▸ **Task to carry out**:
Return the material below exactly, but only from the line with "Trung Quốc - Ấn" through the line with "アニメーション動画を導入する", and without its pictures.

▸ **Dataset**:
▬▬▬▬▬▬
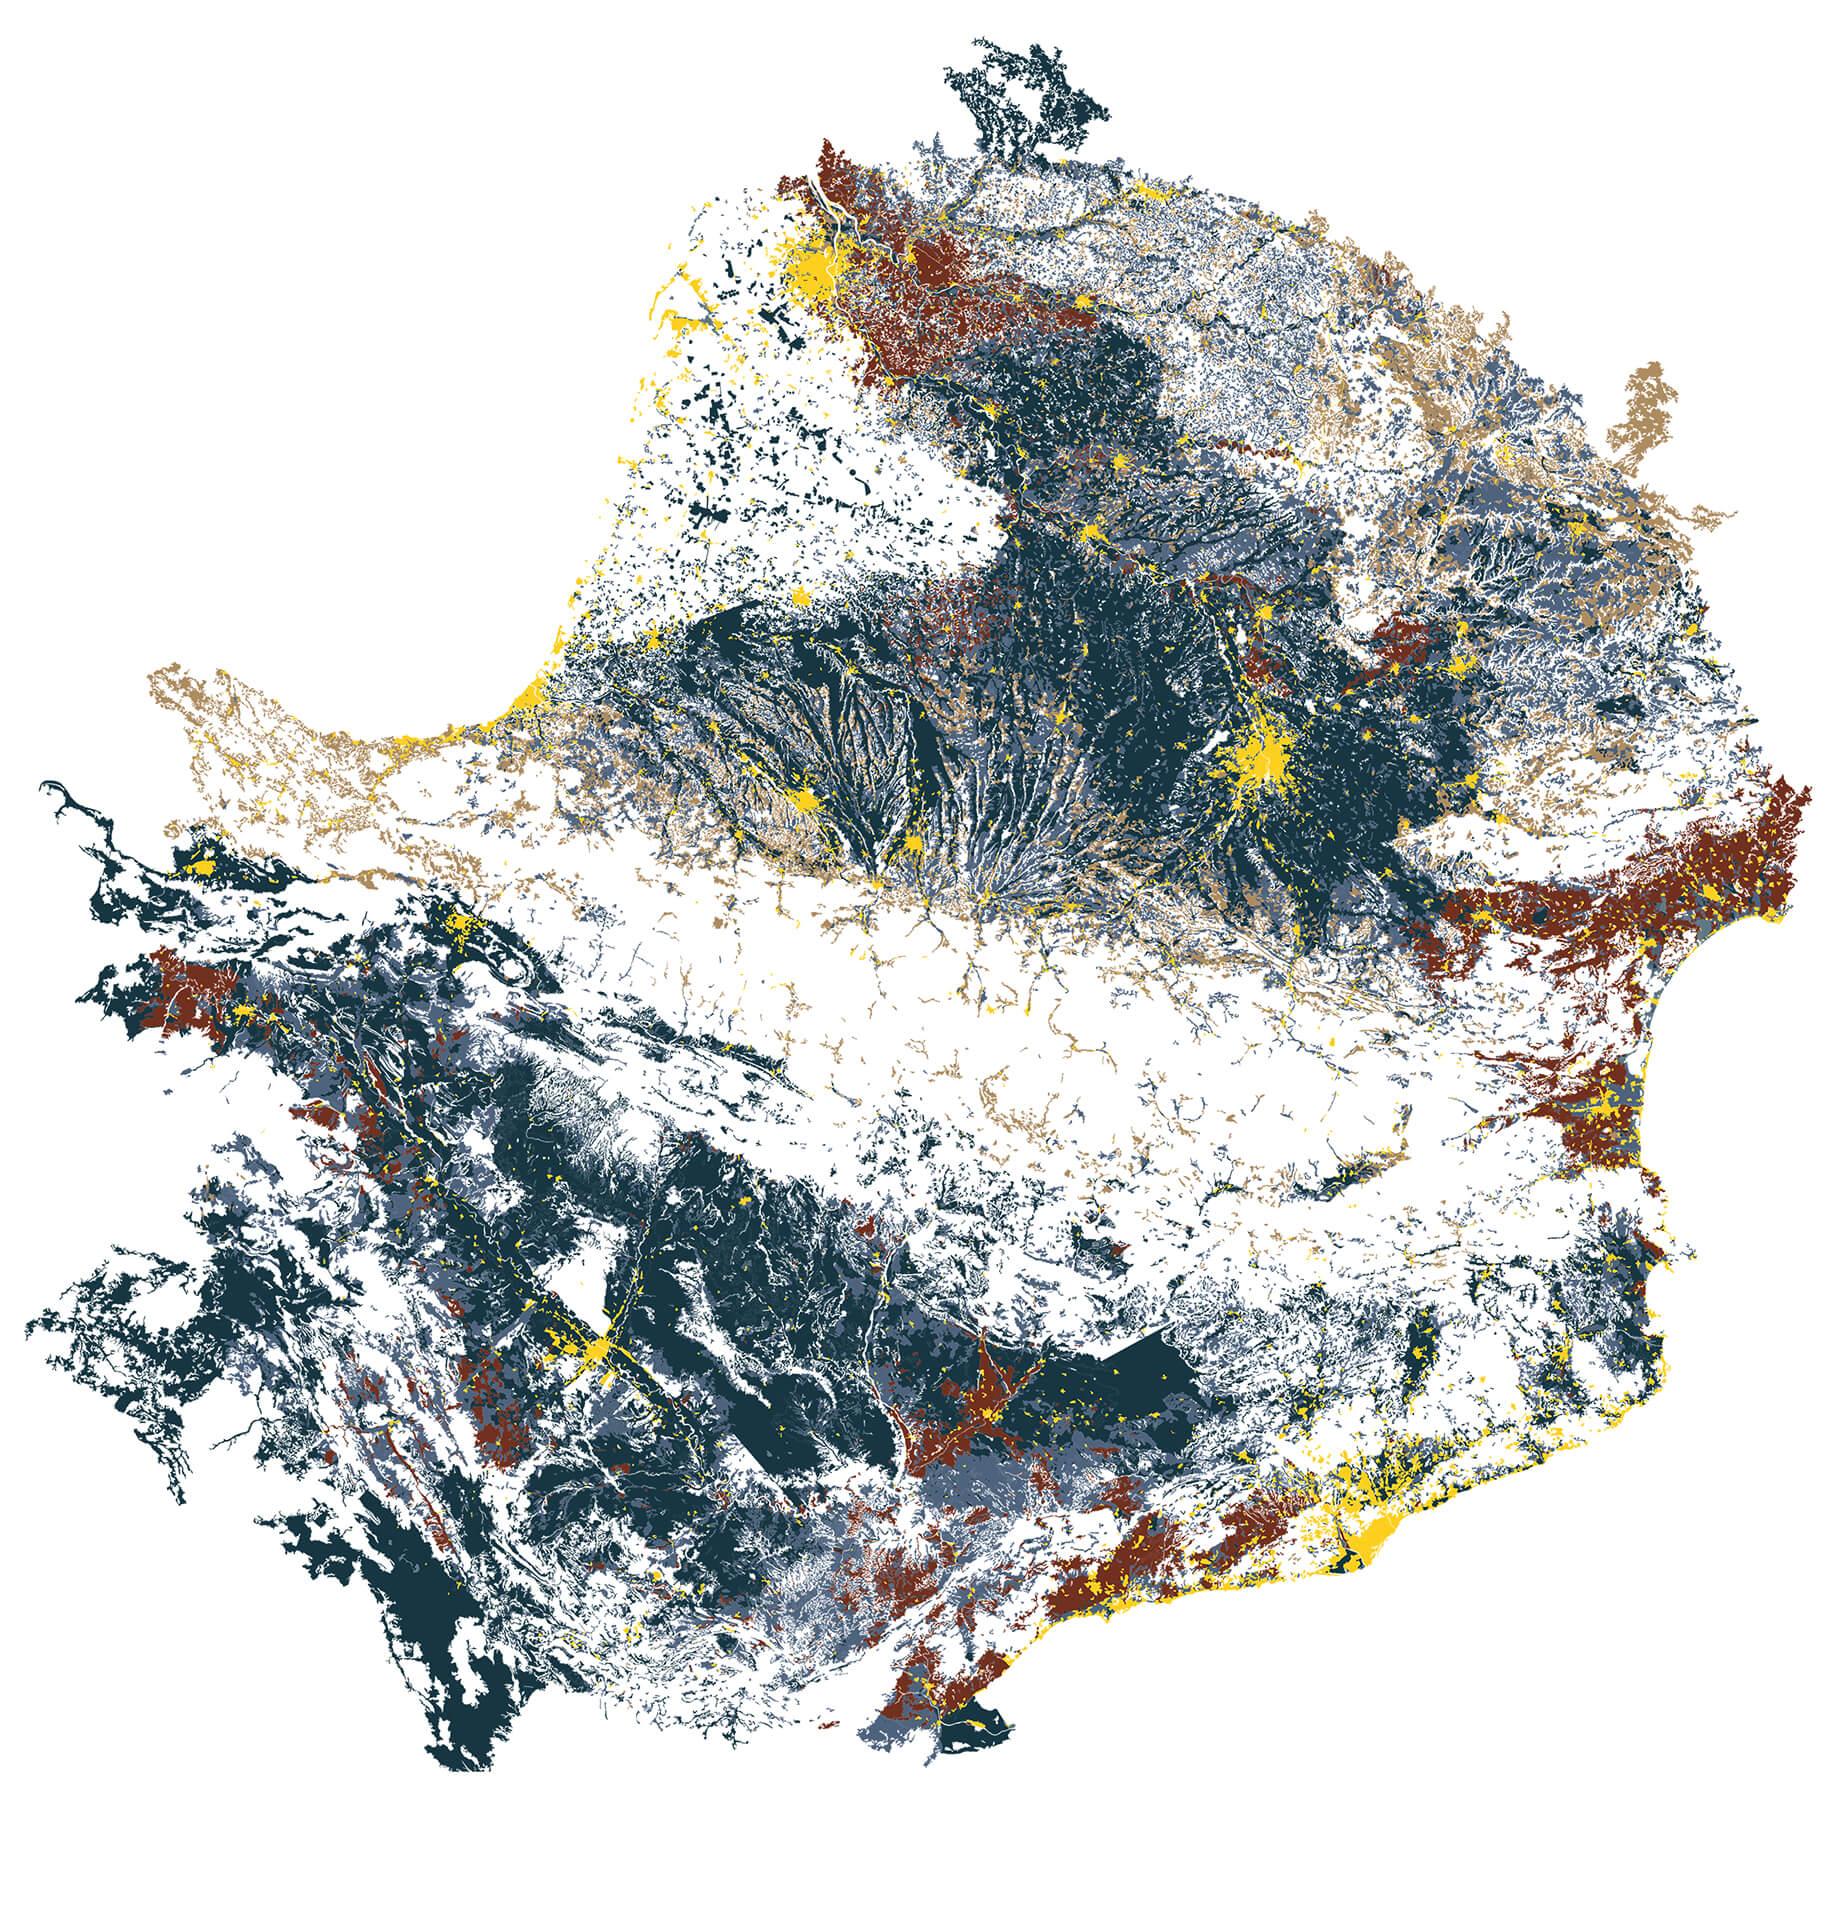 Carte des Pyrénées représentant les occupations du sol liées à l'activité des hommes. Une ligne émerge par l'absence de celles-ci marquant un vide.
▬▬▬▬▬▬
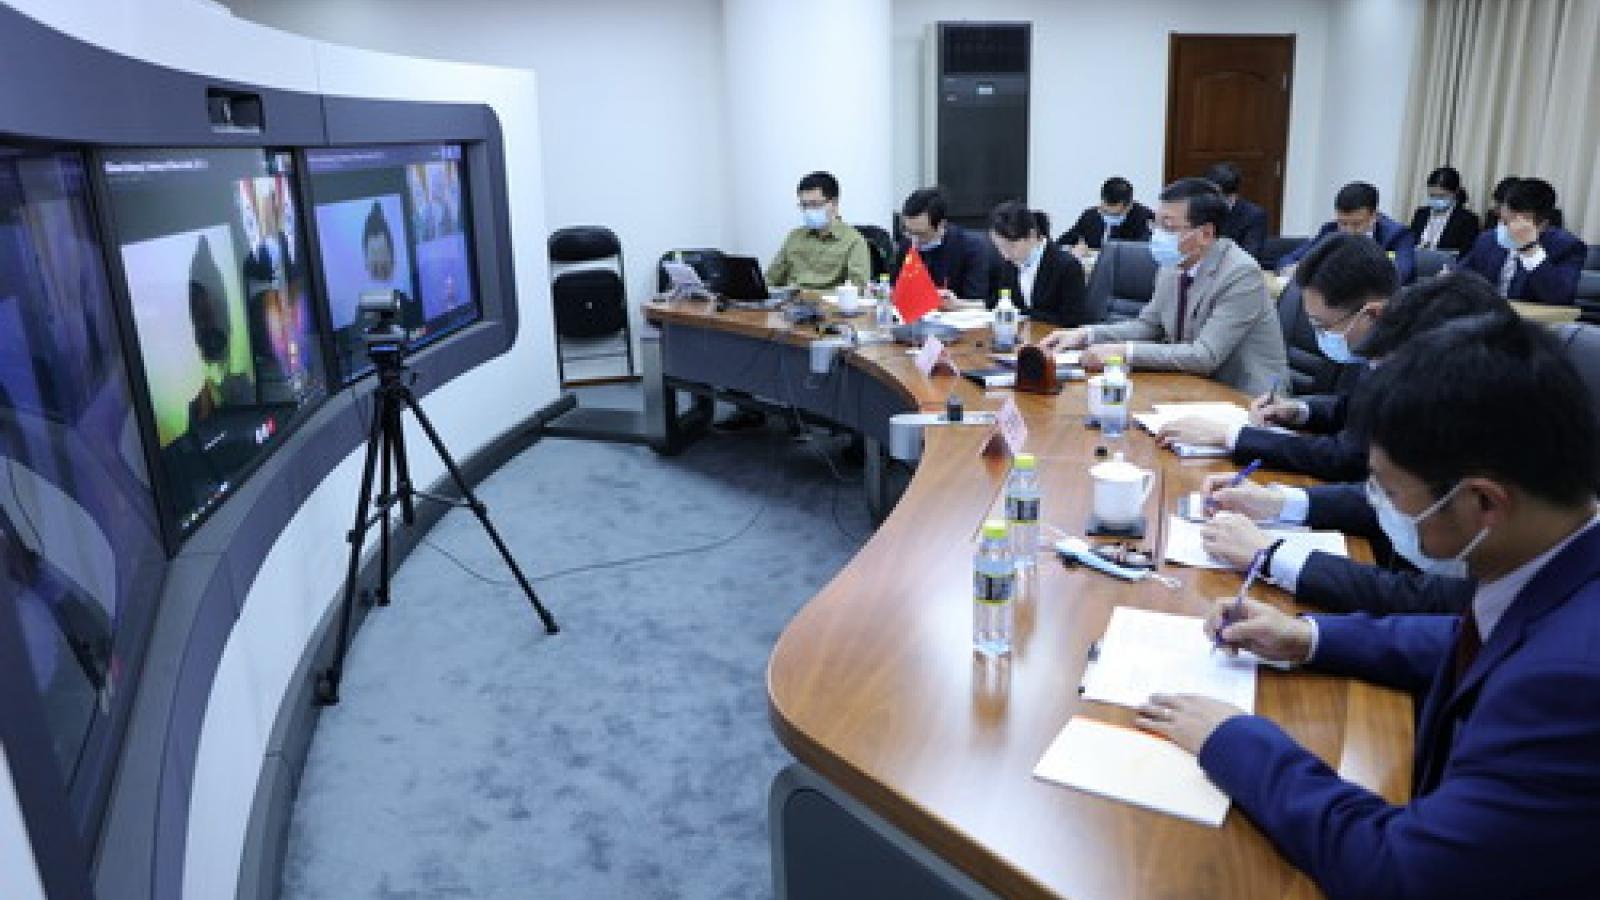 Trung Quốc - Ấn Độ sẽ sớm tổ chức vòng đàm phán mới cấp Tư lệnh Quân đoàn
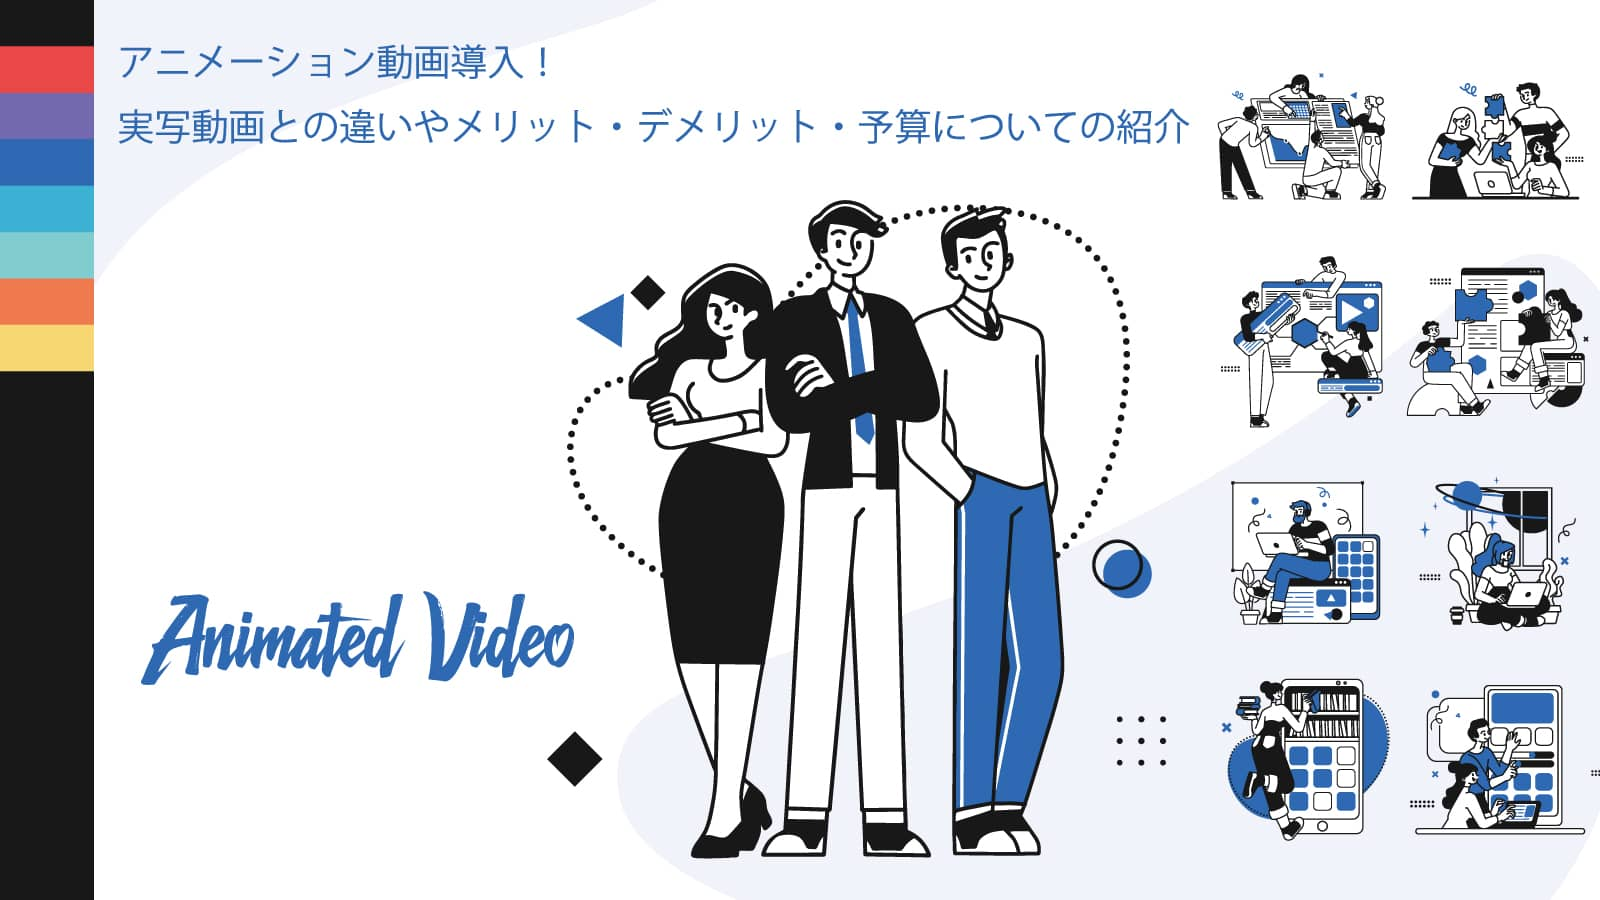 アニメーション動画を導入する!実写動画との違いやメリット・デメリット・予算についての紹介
▬▬▬▬▬▬
▸ **Exercise result**:
 Trung Quốc - Ấn Độ sẽ sớm tổ chức vòng đàm phán mới cấp Tư lệnh Quân đoàn
 アニメーション動画を導入する!実写動画との違いやメリット・デメリット・予算についての紹介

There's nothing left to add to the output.